Zasowski allegedly referred to two of his senior players — Sharee Gordon and Jade Howard, both of whom are also plaintiffs in the lawsuit — as “dykes,” and said black players looked like they “combed their hair with firecrackers” and had a “nappy look.”

Gordon claims Zasowski refused to start her in another game after she complained and ordered her off a team bus.
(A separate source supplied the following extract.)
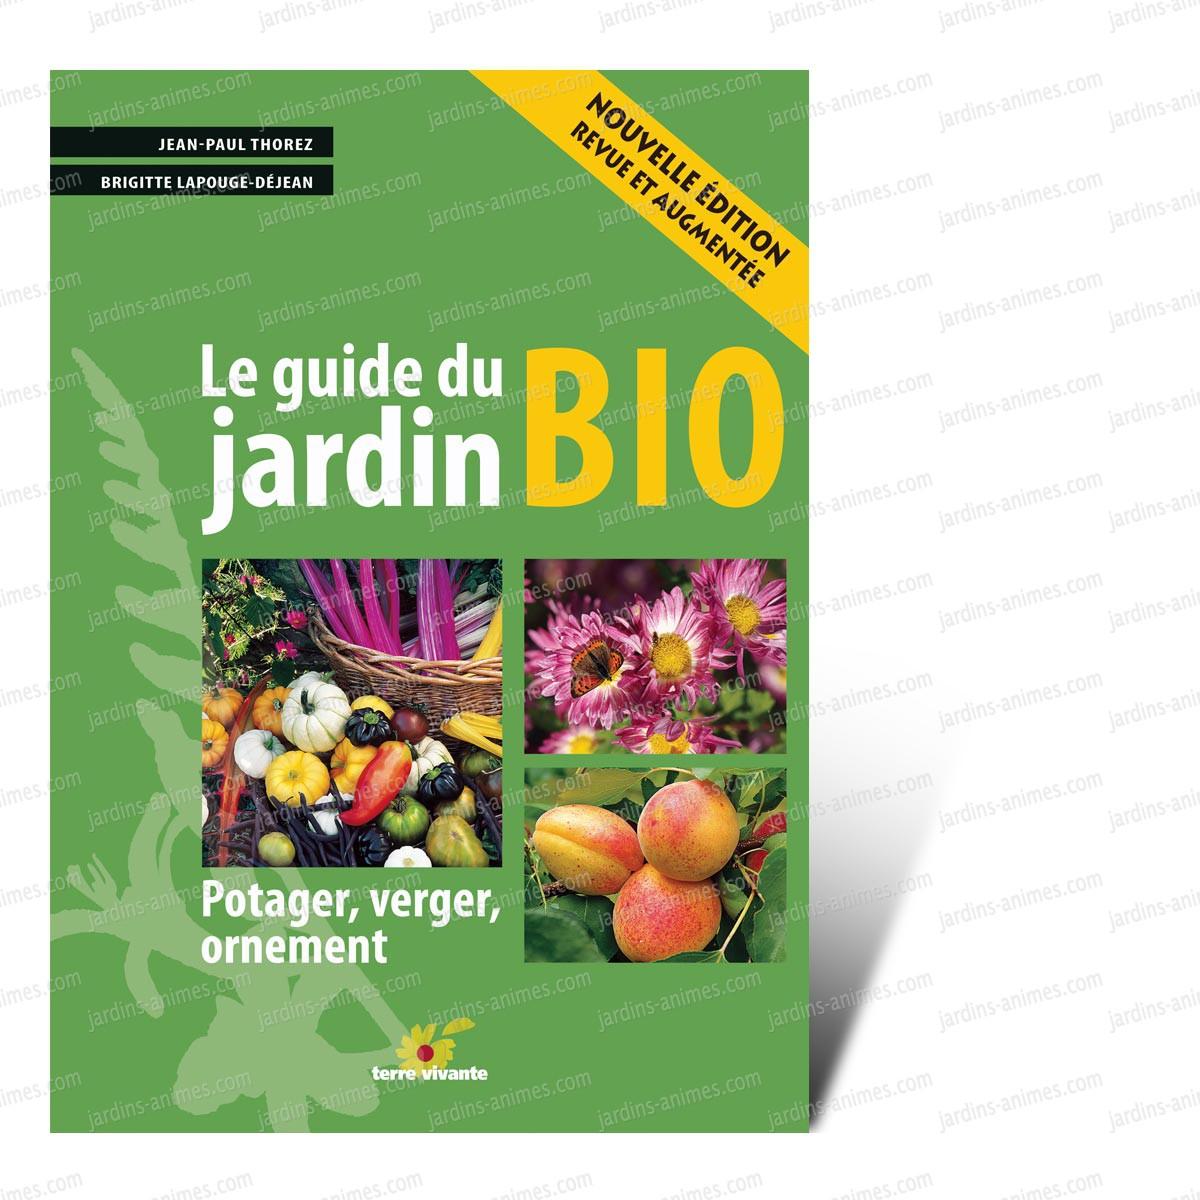 Le guide du jardin bio potager verger ornement for Jardin bio
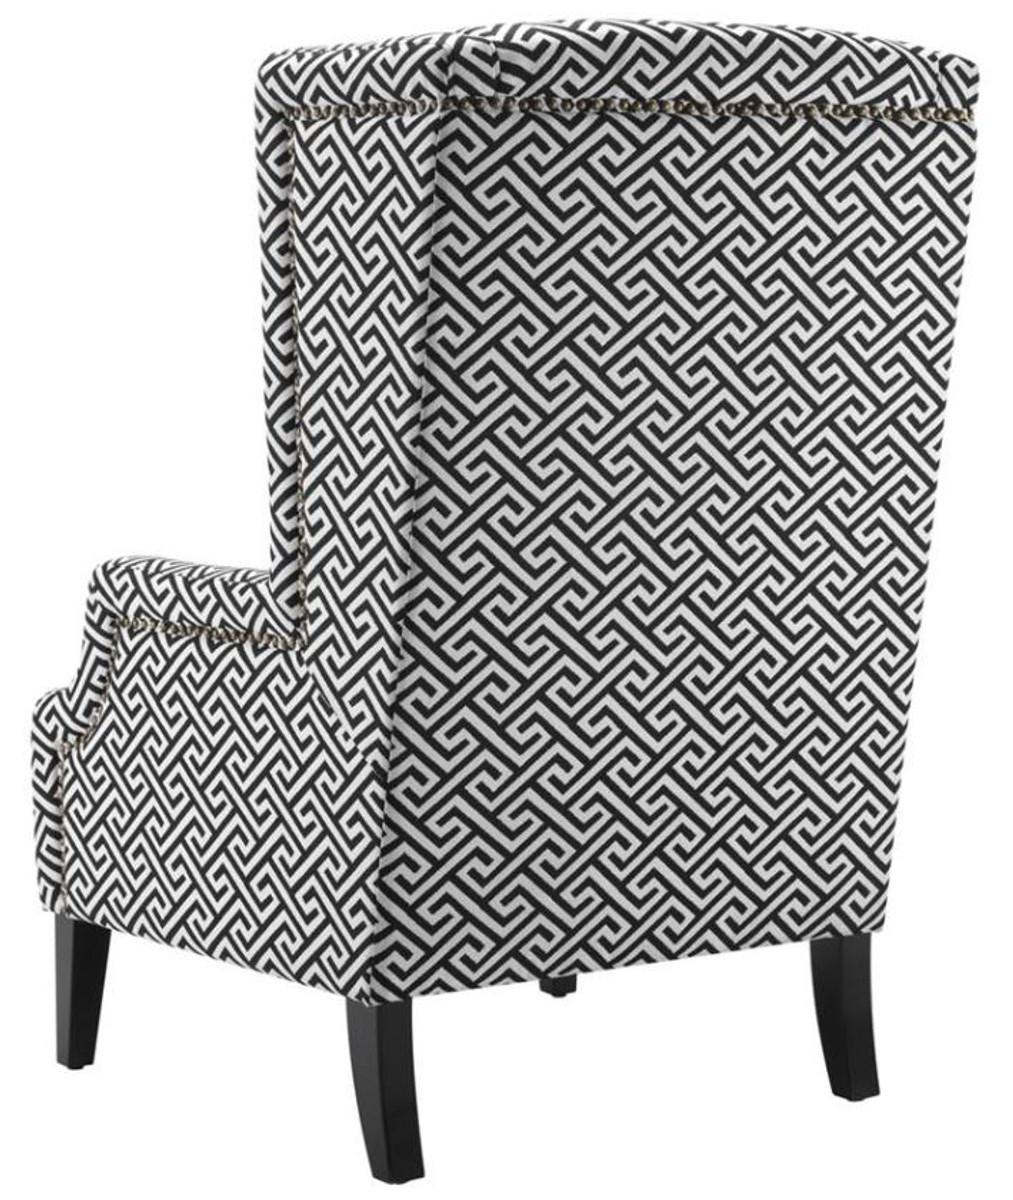 Designer Ohrensessel. Simple Free Sessel With Ohrensessel Design ...

But the complaint says the other women on the team backed up Gordon, threatening to leave the bus as well if she was forced off.

Gordon says Griffin told her in response to the complaints that Zasowski “could do whatever he wanted to do as head coach.”

During a February 2016 meeting with Gordon and her mother, according to the complaint, Griffin dismissed the complaints and the bus incident, warning that pressing the issue would “affect her enrollment at Rutgers.”

The complaint also says the women’s basketball team was treated worse than the men’s team at Rutgers, receiving less equipment and having to pay more for travel to away games.

Rutgers lists its current women’s basketball coach as Ashley Cieplicki. The school noted in its statement that Zasowski is no longer affiliated with the university, but had been hired “to fill in owing to Morris’ 10-month absence.”

Morris and the student-athletes seek punitive damages, alleging retaliation, hostile work environment and disparate treatment on the basis of gender. They are represented by Kevin Barber with Niedweske Barber Hager in Morristown, New Jersey.